For early detection of melanoma, finding lesion borders is the first and key step of the diagnosis since the border structure provides life saving information for accurate diagnosis. Currently, dermatologists draw borders manually which is described as tedious and time consuming. That is where computer-aided border detection of dermoscopy images comes in to the picture. Detecting melanoma early is critical because the melanoma not detected early can be fatal. Also, speed is critical because of a lack of dermatologists to screen all the images. Thus, physician error increases with rapid evaluation of cases [2]. For these very reasons, automated systems would be a significant help for dermotologists. The proposed method in this study is a fully automated system. By fully automated authors mean that prior to and during the processing there is no human intervention in the system. The purpose with this system is to increase dermotologist’s comfort level with his/her decision; however, a dermatologist always constitutes the final decision on the subject.
Background
Differentiating or partitioning objects from background or other objects on an image is called image segmentation. Solutions to the image segmentation have widespread applications in various fields; including medical diagnosis and treatment. Plenty of methods have been generated for grayscale and color image segmentations [3-6]. Four popular approaches [7] for image segmentation are: edge-based methods, threshold techniques [8], neighborhood-based techniques, graph-based methods [9,10], and cluster-based methods. Edge based techniques investigate discontinuities in image whereas neighborhood-based methods examine the similarity (neighborhoods) among different regions. Threshold methods identify different parts of an image by combining peaks and valleys of 1D or 3D histograms (RGB). Also, there exists numerous innovative graph-based image segmentation approaches in the literature. Shi et al. 1997-1998 [9,10] treated segmentation as a graph partitioning problem, and proposed a novel unbiased measure for segregating subgroups of a graph, known as the Normalized Cut criterion. More recently, Felzenszwalb et al. [11] developed another segmentation technique by defining a predicate for the existence of boundaries between regions, utilizing graph-based representations of images. In this study; however, we focus on cluster-based segmentation methods. In cluster-based methods, individual image pixels are considered as general data samples and assumed correspondence between homogeneous image regions and clusters in the spectral domain.
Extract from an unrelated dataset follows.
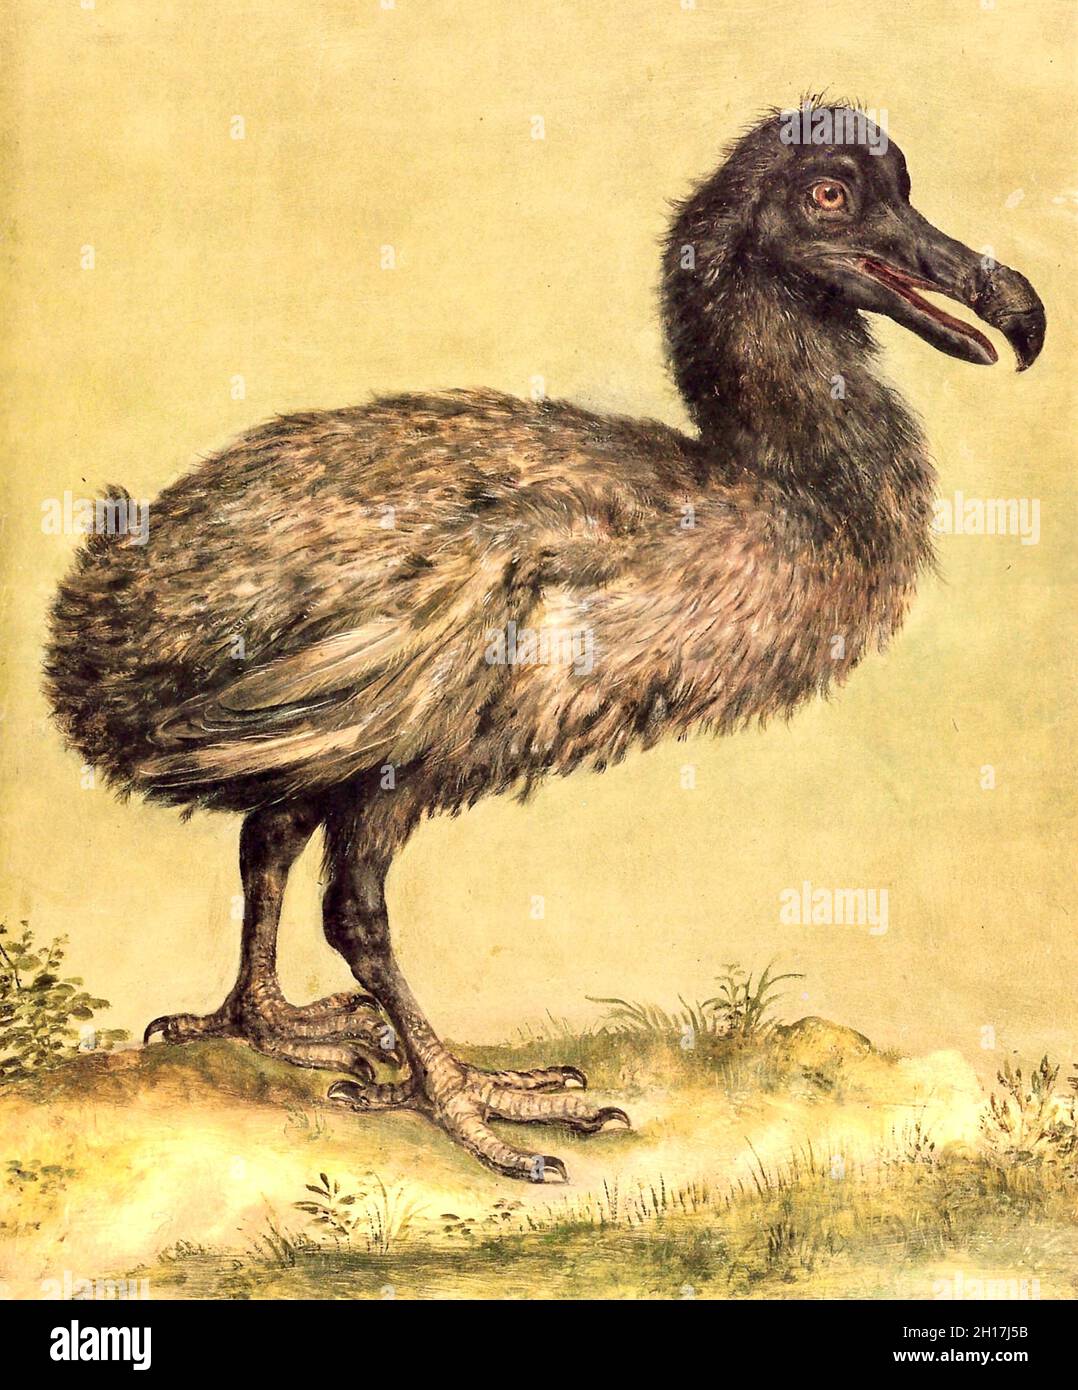 Dodo - Jacob Hoefnagel - Illustration of a dodo in the menagerie of Emperor Rudolph II at Prague - 1602 Stock Photo

Dermoscopy involves optical magnification of the region-of-interest, which makes subsurface structures more easily visible when compared to conventional macroscopic images [12]. This in turn improves screening characteristics and provides greater differentiation between difficult lesions such as pigmented Spitz nevi and small, clinically equivocal lesions [13]. However, it has also been demonstrated that dermoscopy may actually lower the diagnostic accuracy in the hands of an inexperienced dermatologists [14]. Therefore, novel computerized image understanding frameworks are needed to minimize the diagnostic errors that result from the difficulty and subjectivity of visual interpretations [15,16].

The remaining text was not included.